Kebenaran ditemukan dalam relasi antara proporsi baru dengan proporsi yang sudah
ada. Suatu pengetahuan, teori, pernyataan, proporsi atau hipotesis dianggap benar
kalau sejalan dengan pengetahuan, teori, proporsi atau hipotesis lainnya, yaitu kalau
proporsi sebelumnya yang dianggap benar (Keraf dan Dua M, 2001: 88). Dengan kata
lain pernyataan dianggap benar jika peryataan itu bersifat konsisten dengan
pernyataan lain yang telah diterima kebenaranya, yaitu yang koheren menurut logika.
Misalnya sebagai contoh, pernyataan “semua manusia pasti akan mati” adalah
pernyataan yang benar, maka jika ada pernyataan bahwa “saya pasti akan mati”
adalah pernyataan benar karena saya adalah manusia.

3. Teori Kebenaran Pragmatis


Teori pragmatis dicetuskan oleh filsuf pragmatis dari Amerika Serikat, Charles S.
Peirce (1839-1914) dalam sebuah makalah yang terbit pada tahun 1878 yang berjudul
“How to Make Our Ideals Clear”. Teori ini kemudian dikembangkan oleh beberapa
ahli filsafat. Bagi kaum pragmatis kebenaran adalah sama artinya dengan kegunaan.
Ide,konsep, pengetahuan, atau hipotesis yang benar adalah ide yang berguna. Ide yang
benar adalah ide yang paling mampu memungkinkan seseorang (berdasarkan ide itu)
melakukan sesuatu secara paling benar dan tepat guna. Berhasil dan berguna adalah
kriteria utama untuk menentukan apakah suatu ide itu benar atau tidak. Misalnya,
mengenai pernyataan wujud Tuhan yang Esa. Dalam al-Qur’an surat al-Baqarah 163-
164, Allah menjelaskan tentang wujud-Nya yang Esa serta menjelaskan tentang
penjelasan praktis terhadap pertanyaan tersebut.

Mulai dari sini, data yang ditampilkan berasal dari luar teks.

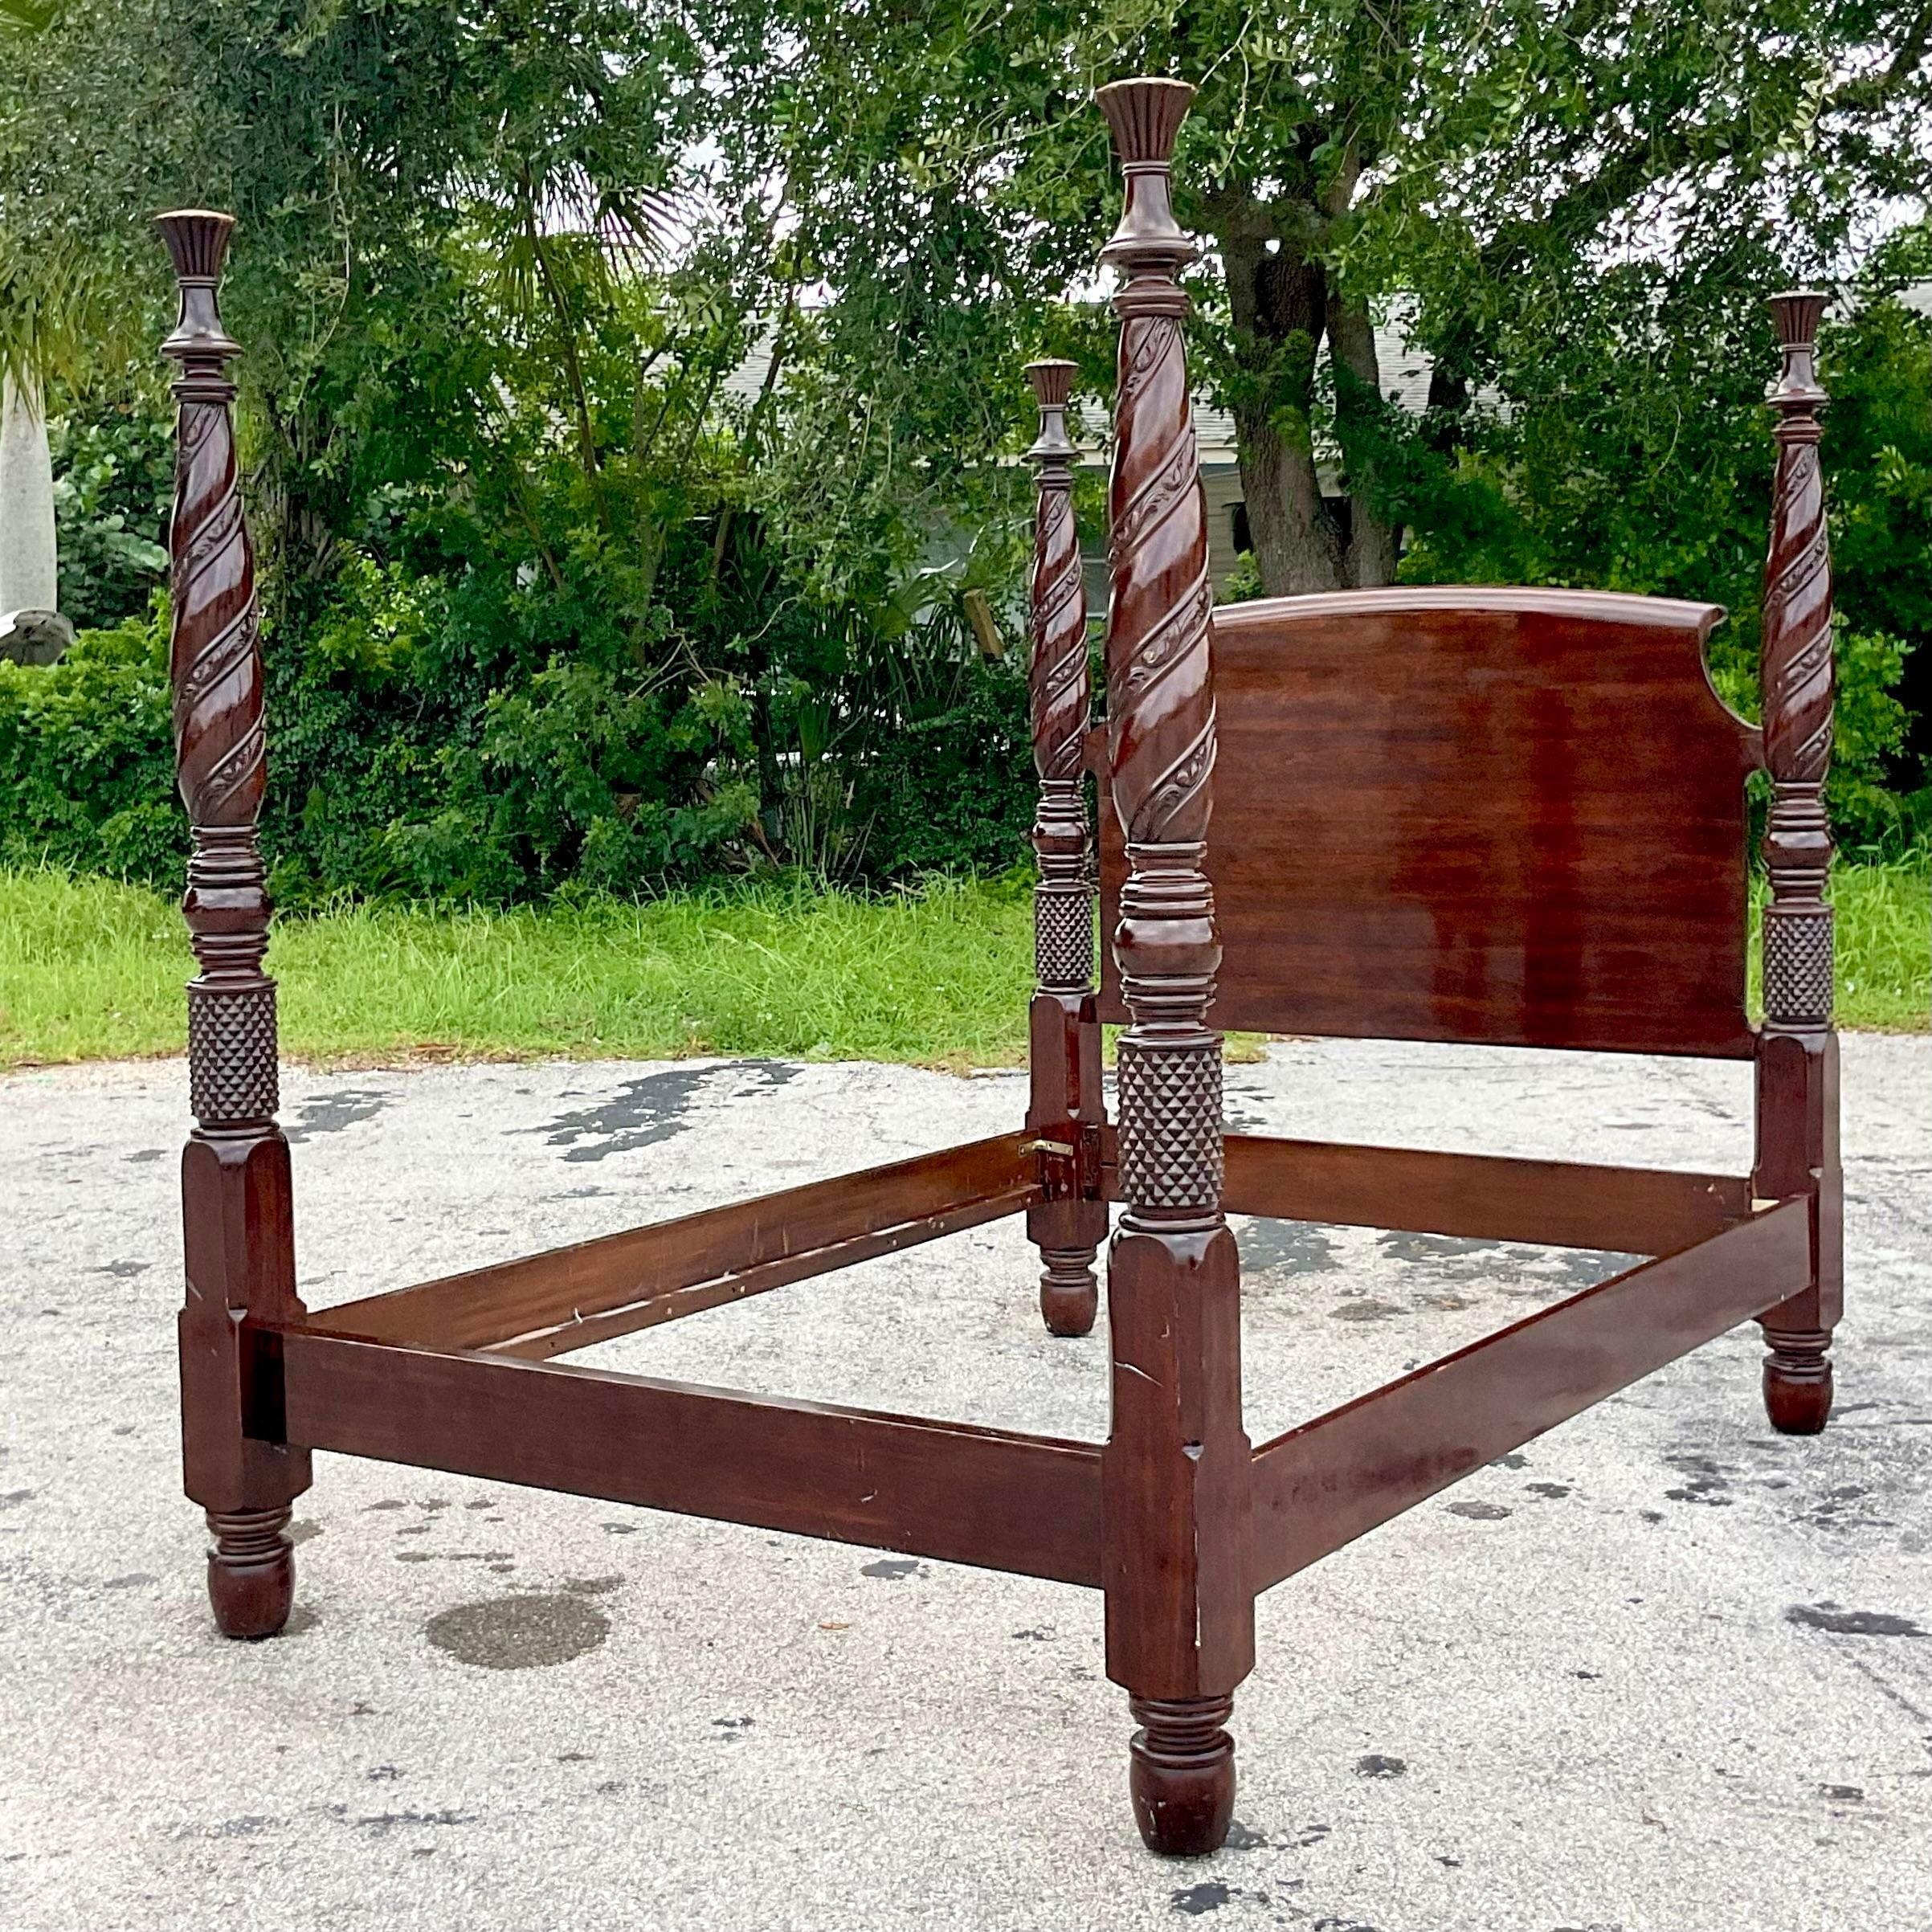 A fabulous vintage Regency Queen bed frame. A chic four posted design with hand carved vine detail. Gorgeous Mahogany wood grain detail. Acquired from a Palm Beach estate.
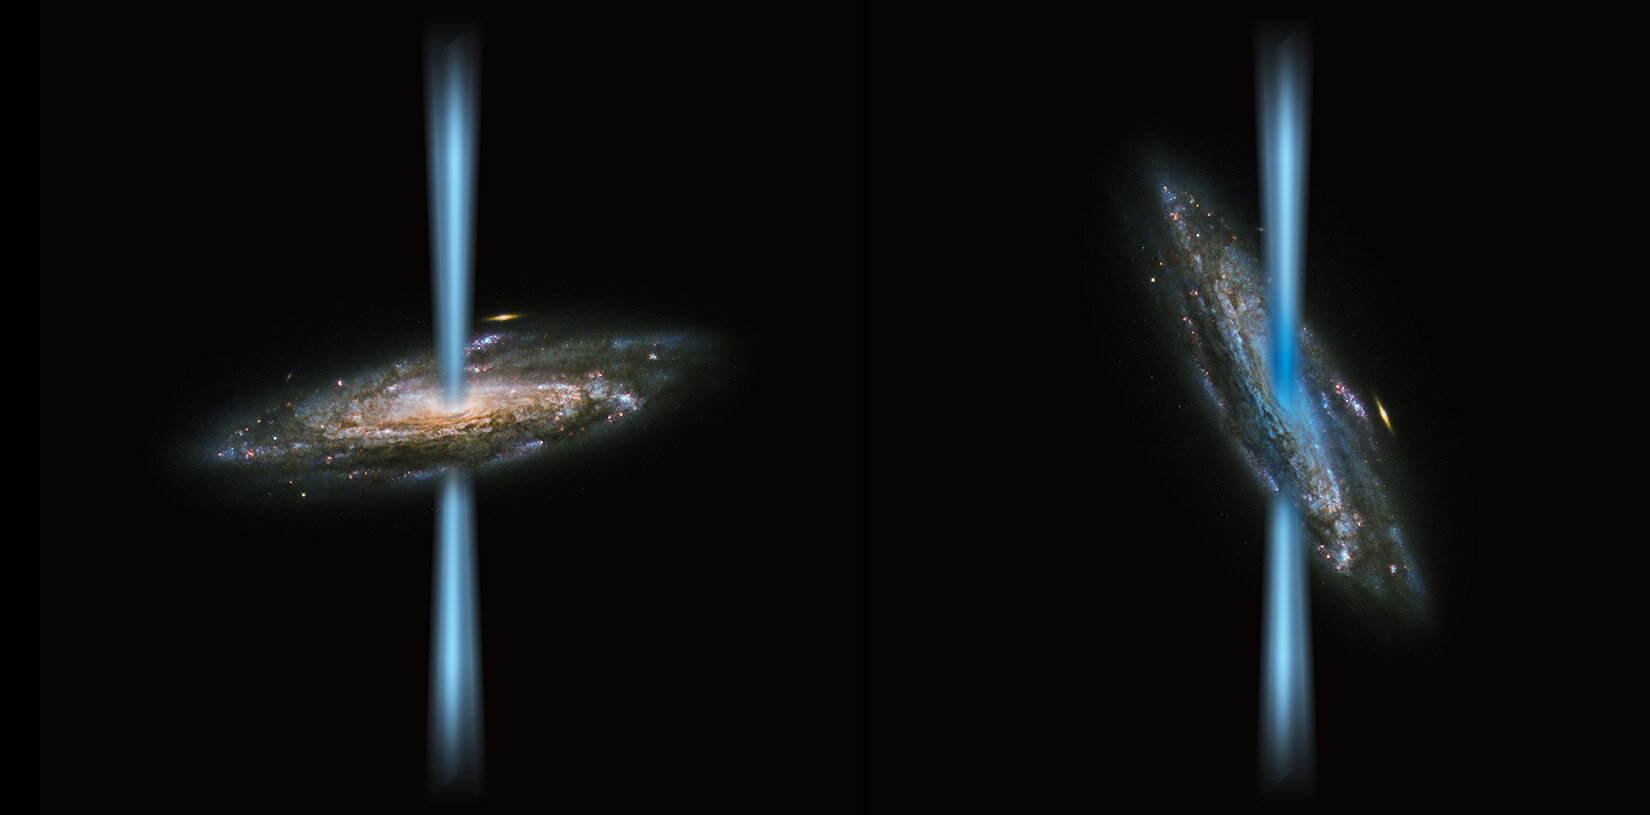 Young Galaxies Are Flat, But Old Ones Are More Blobby

4. Teori Kebenaran Nondeskripsi


Teori kebenaran non-deskripsi dikembangkan oleh penganut filsafat fungsionalisme.
Suatu pernyataan dianggap benar tergantung peran dan fungsi pernyataan itu sendiri.
Pengetahuan akan memiliki nilai kebenaran sejauh pernyataan itu memiliki fungsi
yang amat praktis dalam kehidupan sehari-hari. Misalnya, petani menanam jagung
(sebenarnya yang ditanam adalah bibit jagung lalu diharapkan akan menjadi jagung
nantinya).

5. Teori Kebenaran Performatif


Teori performatif menjelaskan, suatu pernyataan dianggap benar jika ia menciptakan
realitas. Jadi pernyataan yang benar bukanlah pernyataan yang mengungkapkan
realitas, tetapi justeru dengan pernyataan itu tercipta realitas sebagaimana yang
diungkapkan dalam pernyataan itu. Teori ini disebut juga “tindak bahasa” mengaitkan
kebenaran satu tindakan yang dihubungkan dengan satu pernyataan. Misalnya,
“Dengan ini saya mengangkat anda sebagai manager perusahaan “Species S3”.
Dengan pernyataan itu tercipta sebuah realitas baru yaitu anda sebagai manager
perusahaan “Species S3”, tentunya setelah SKnya turun. Di sini ada perbuatan yang
dilakukan bersamaan dengan pengucapan kata-kata itu. Dengan pernyataan itu suatu
penampilan atau perbuatan (performance) dilakukan.